Nothing has changed in deep-sea Venezuela | news today

Migration is perhaps one of the phenomena with the most atoms. It is not simply the departure of a person from his country, it is the emptiness that a process like this generates internally and externally for those who suffer it. It is a psychological and anthropological damage at the same time, because it is essentially an uprooting. Uprooting that can be harder if the process is forced like what Venezuelans have experienced, where it is not a planned migration in which you meditate in advance and coordinate each step you take for your trip. No. The Venezuelan process is like a life race between a swimmer and a shark. Simply, getting on a plane to find a new destination is not the same as risking your life paying a coyote to take you to a “safe” place.
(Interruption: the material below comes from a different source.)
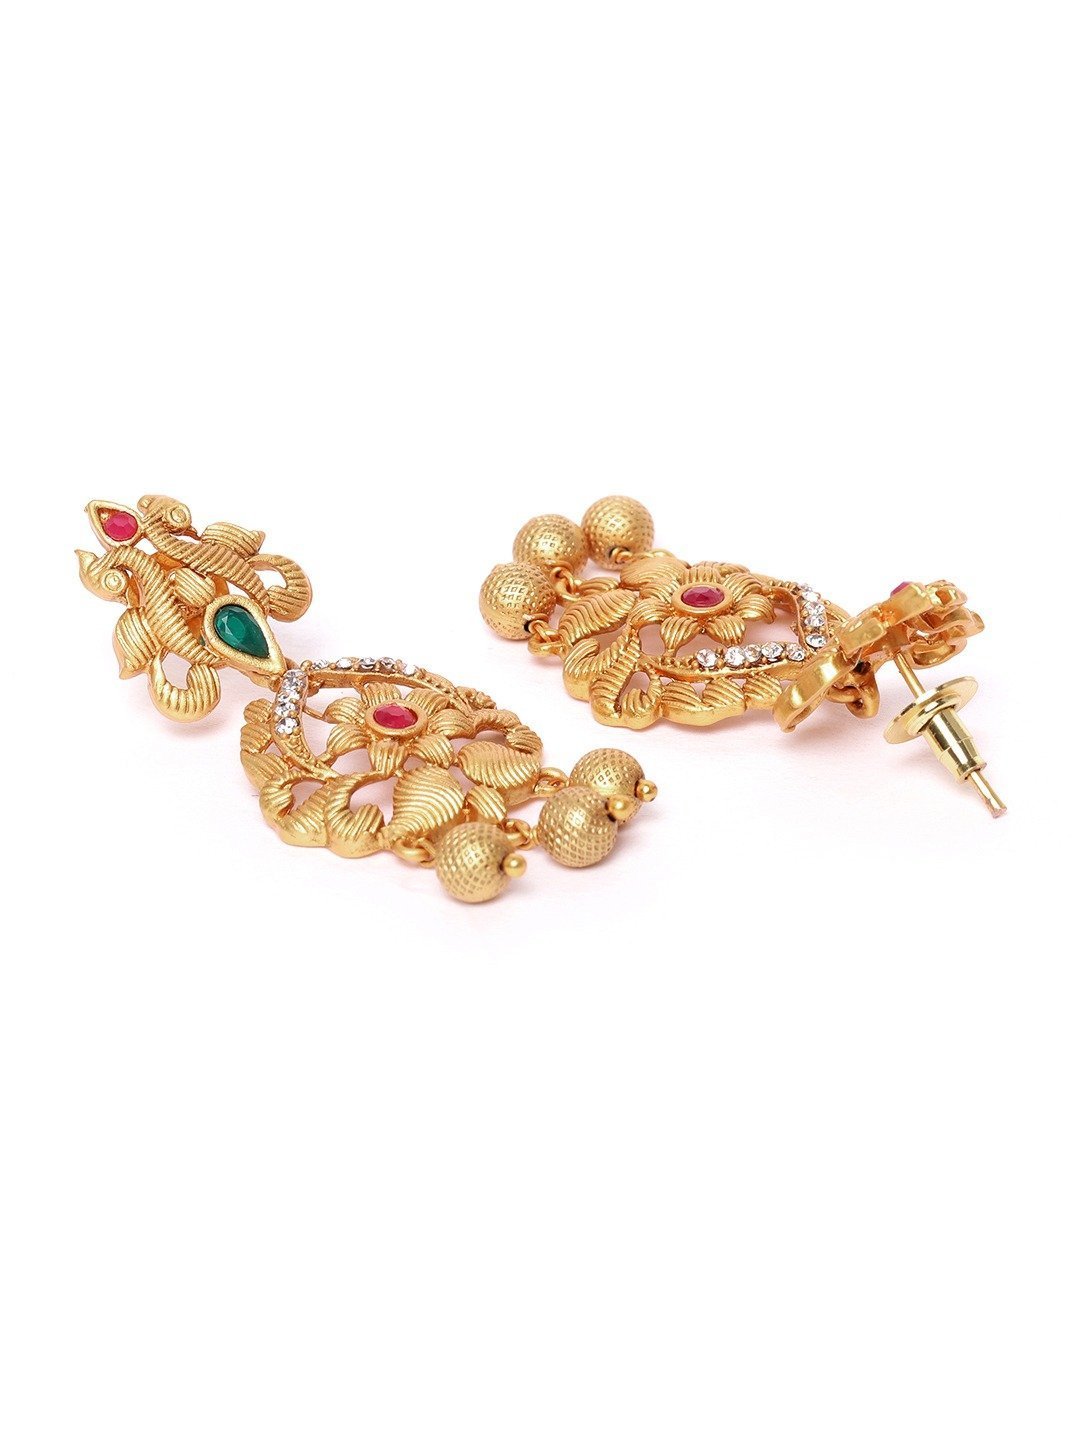 Women's Ruby Emerald Beads Gold Plated Floral Peacock Jewellery Set - Priyaasi

This Venezuelan migration has evolved as time has passed. Initially, we had a migration of the middle and upper classes, particularly the youngest, who were escaping the economic and social policies of those in power in Venezuela. These people were, of course, looking for destinations in the countries with the best employment, educational and economic opportunities, namely the United States, Panama and Spain. This migration process intensified as of 2017, when the complete erosion of democracy and the total devastation of the economy, reflected in hyperinflation, hit all of Venezuela. From there, we began to see how the poorest classes overflowed the country’s borders, thus reaching the tragic figure of 7 million Venezuelan refugees, the second largest migratory exodus on the planet. This migration was mainly concentrated in the countries of the region. Colombia, Peru, Chile, Argentina and Ecuador were the favorite destinations for those who escaped from Nicolás Maduro at any cost.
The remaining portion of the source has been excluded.